Vertical bar chart with two abstract app icons: TikTok-style icon at 27% on the left, Instagram Reels-style icon at 73% on the right, titled Pop Culture Split April 2026 Figure 5: The pop-culture split that surprised us most. Reels passed TikTok in our data sometime late 2025.

Internet-era prompts age fast. We’ll refresh this set quarterly. If a service in this list shuts down, swap in something else from your group’s actual last-7-days screen-time report.

Duel me on popular culture →

77. Stream a movie or stream a show?

78. New release or rewatch?

79. Subtitles on or subtitles off? LearnClash split: 71/29 subtitles on. The shift has accelerated since 2023.

80. Marvel or DC?

81. Star Wars or Star Trek?

82. TikTok or Instagram Reels? LearnClash split: 27/73 Reels. Largest pop-culture split in our 2026 dataset.

83. ChatGPT or Gemini?

84. Apple iOS 26 or Android 16?

85. AirPods or wired earbuds?

86. Spotify or Apple Music?

87. Vinyl or streaming? LearnClash split: 19/81 streaming. Vinyl revival is real but small.

88. Concert or festival?

89. Bluesky or paid Twitter? LearnClash split: 52/48 Bluesky. Smallest pop-culture split in our 2026 set.

90. YouTube or Twitch?

91. Threads or X?

92. Theatrical release or streaming day-and-date?

93. Limited series or long-running show?

94. Reality competition or scripted drama?

95. Sci-fi or fantasy?

96. Books-to-film or original screenplays?

97. Game of the year 2025 or game of the year 2026?

98. PlayStation or Xbox? LearnClash split: 64/36 PlayStation. Console wars over.

99. Switch 2 or Steam Deck?

100. Reading on Kindle or reading on phone?

101. Podcast video version or podcast audio only?

102. Apple Vision Pro or Meta Quest?

103. AI image generators or stock photos?

104. Substack or Medium?

Hard Choices: 28 This or That Dilemmas With No Easy Answer

Hard choices are real trade-offs, not preferences. You actually lose something with either pick. These 28 prompts come from the paradox of choice literature: when both options carry meaningful cost, decision time triples and people regret either pick. LearnClash duels show these prompts produce the longest pause times in the set.

Centered balance scale perfectly level, gold coin labeled GAIN on left pan, grey rock labeled LOSE on right pan, with caption 'Decision time triples when both sides carry real cost' and Paradox of Choice attribution Figure 6: The hard-choice signature. When both pans hold weight, decision time triples.

These are hard this or that questions and this or that questions for adults, not warmups. Use them sparingly. Two or three at a dinner is enough; ten in a row will exhaust the room and turn an enjoyable game into a low-grade ethics seminar nobody actually signed up for. The pause time is the point. And if your group answers fast on prompts in this set, that’s a signal you’re picking by gut rather than weighing the trade-off, where the conversation that follows is usually the more interesting half of the exercise.

Duel me on decision-making →

105. $1M today or $5K monthly forever? LearnClash split: 44/56 monthly forever. The lump-sum pull is weaker than expected.

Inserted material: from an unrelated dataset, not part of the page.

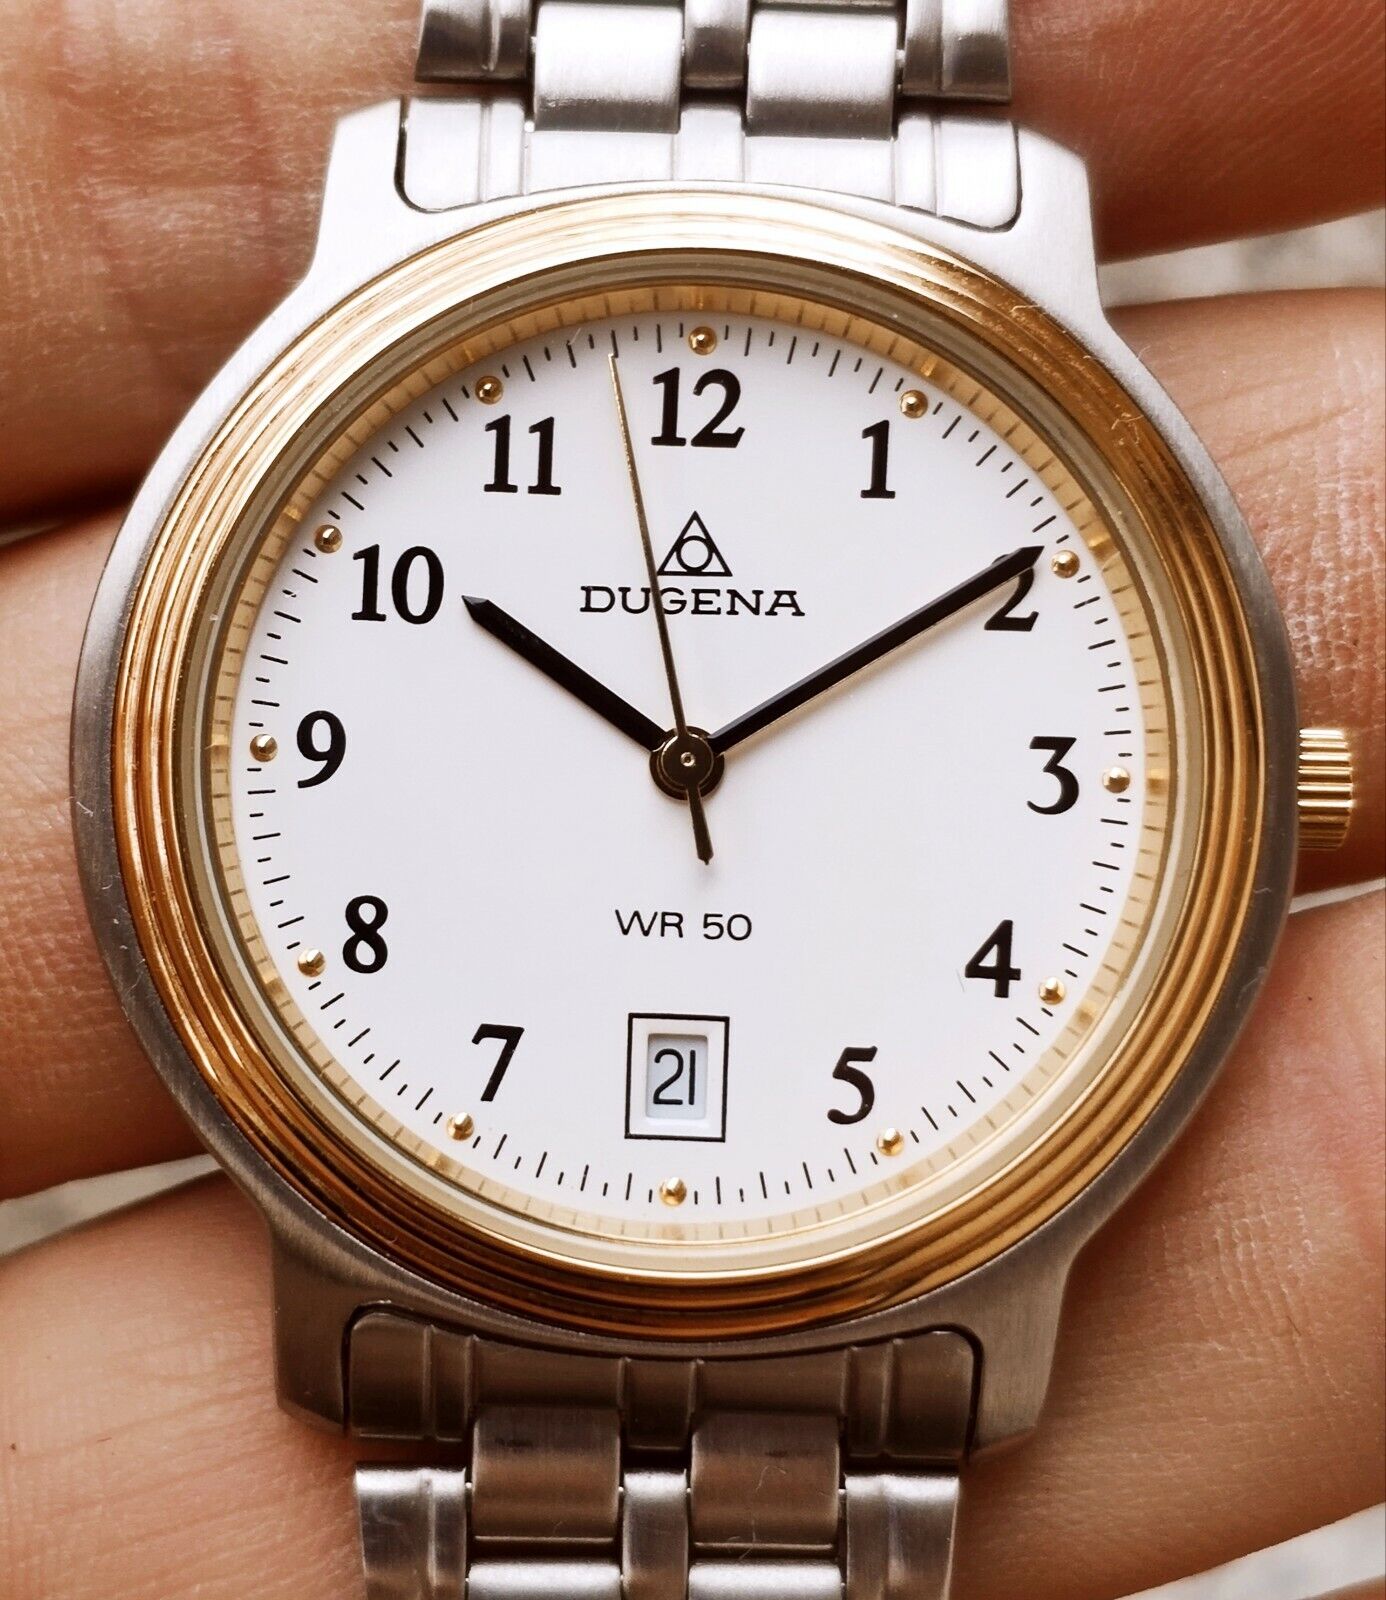 Vintage german men's Dugena quartz watch | eBay
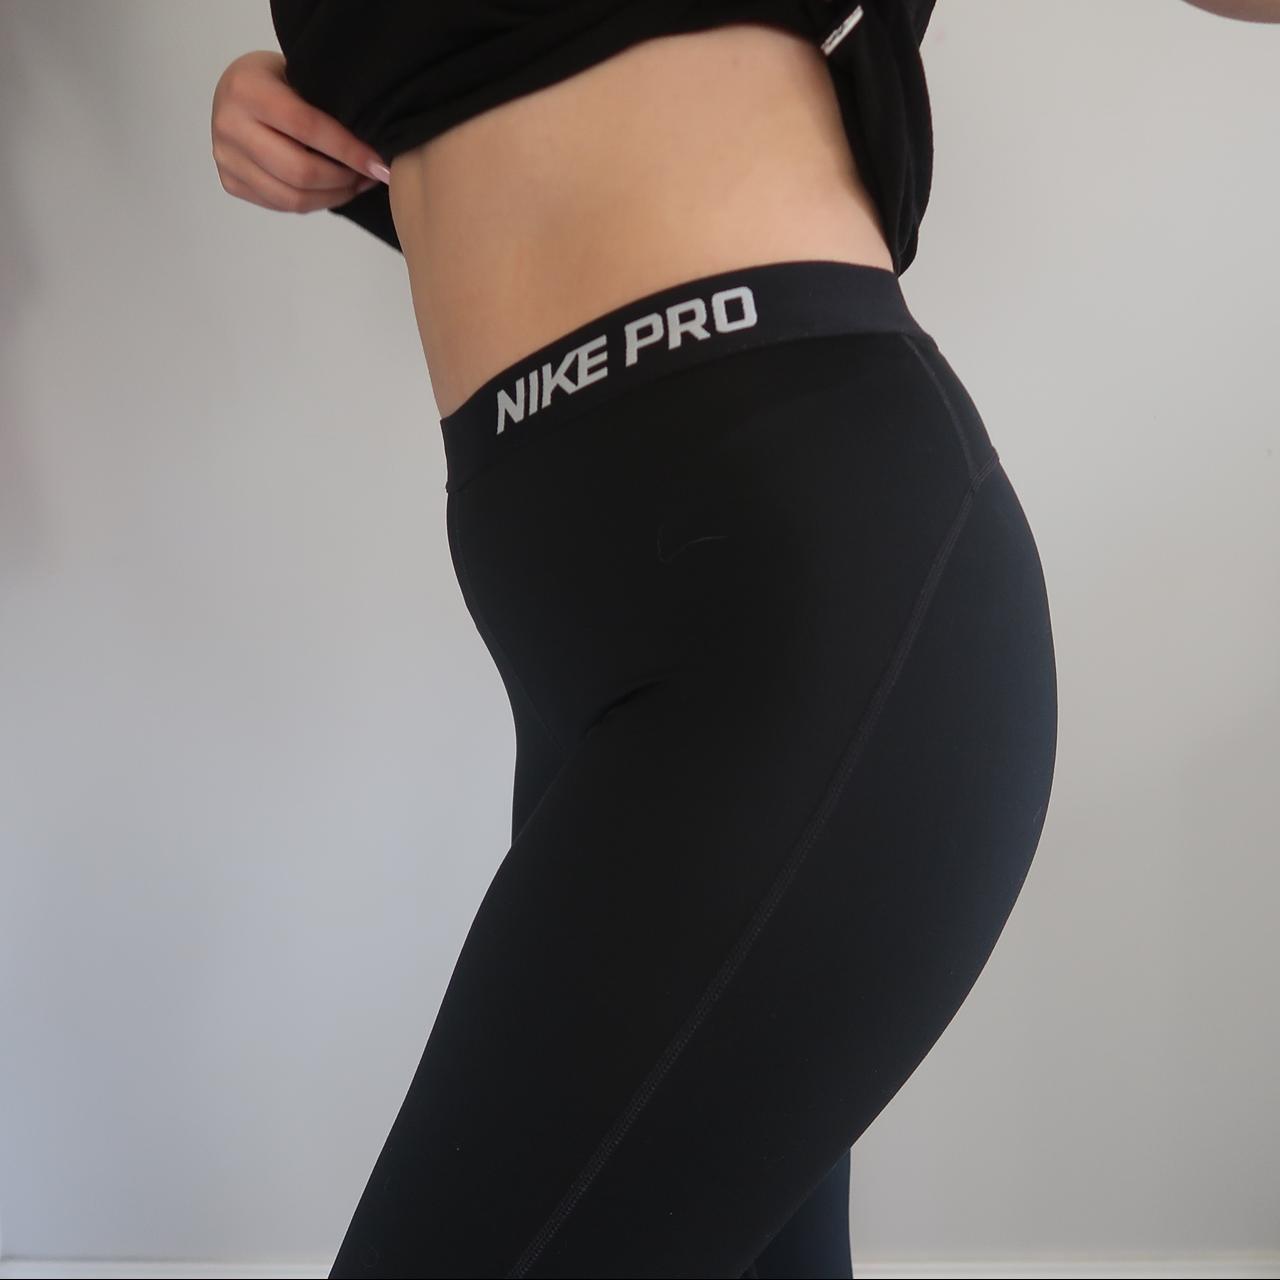 Nike pro combat legging Nwt retail $55 Make an - Depop

106. Be the smartest in every room or the funniest in every room? LearnClash split: 48/52 funniest. The closest “value question” split in our deep set.

107. Live in your dream city forever or travel everywhere but never settle?

108. Save 10 strangers or save 1 family member?

109. Read minds or know the future of one person you love?

110. Cancel email or cancel meetings? LearnClash split: 36/64 cancel meetings. Nobody wanted the inbox back.

111. Never check your phone or never close your laptop?

112. Lose all your photos or lose all your music?

113. Take a guaranteed $50K or 50% chance at $200K?

114. Always tell the truth or always be able to lie undetected?

115. Have a perfect memory or perfect intuition?

116. Get 5 extra years at the end or 1 extra hour every day?

117. Never get tired or never get hungry?

118. Move to your favorite decade or stay in 2026?

119. Quit your job and travel a year or get a 50% raise? LearnClash split: 41/59 raise. The “great resignation” narrative didn’t hold in our data.

120. Read every book ever written or watch every film ever made?

121. Be famous and disliked or unknown and respected?

122. Live in a small town or a megacity?

123. Be alone for 5 years or in a crowd nonstop for 5 years?

124. Lose your sense of taste or lose your sense of smell?

125. Have your dream career but never take a vacation, or any job with unlimited PTO?

126. Lose memory of last year or skip the next year?

127. Always know exactly what time it is or always know exactly where you are?

128. Have a clone who lives your life or live two lifetimes back to back?

129. Never feel jealousy or never feel pride?

130. Get every question right or get every question first? LearnClash split: 73/27 right. LearnClash players are accuracy-skewed, which tracked.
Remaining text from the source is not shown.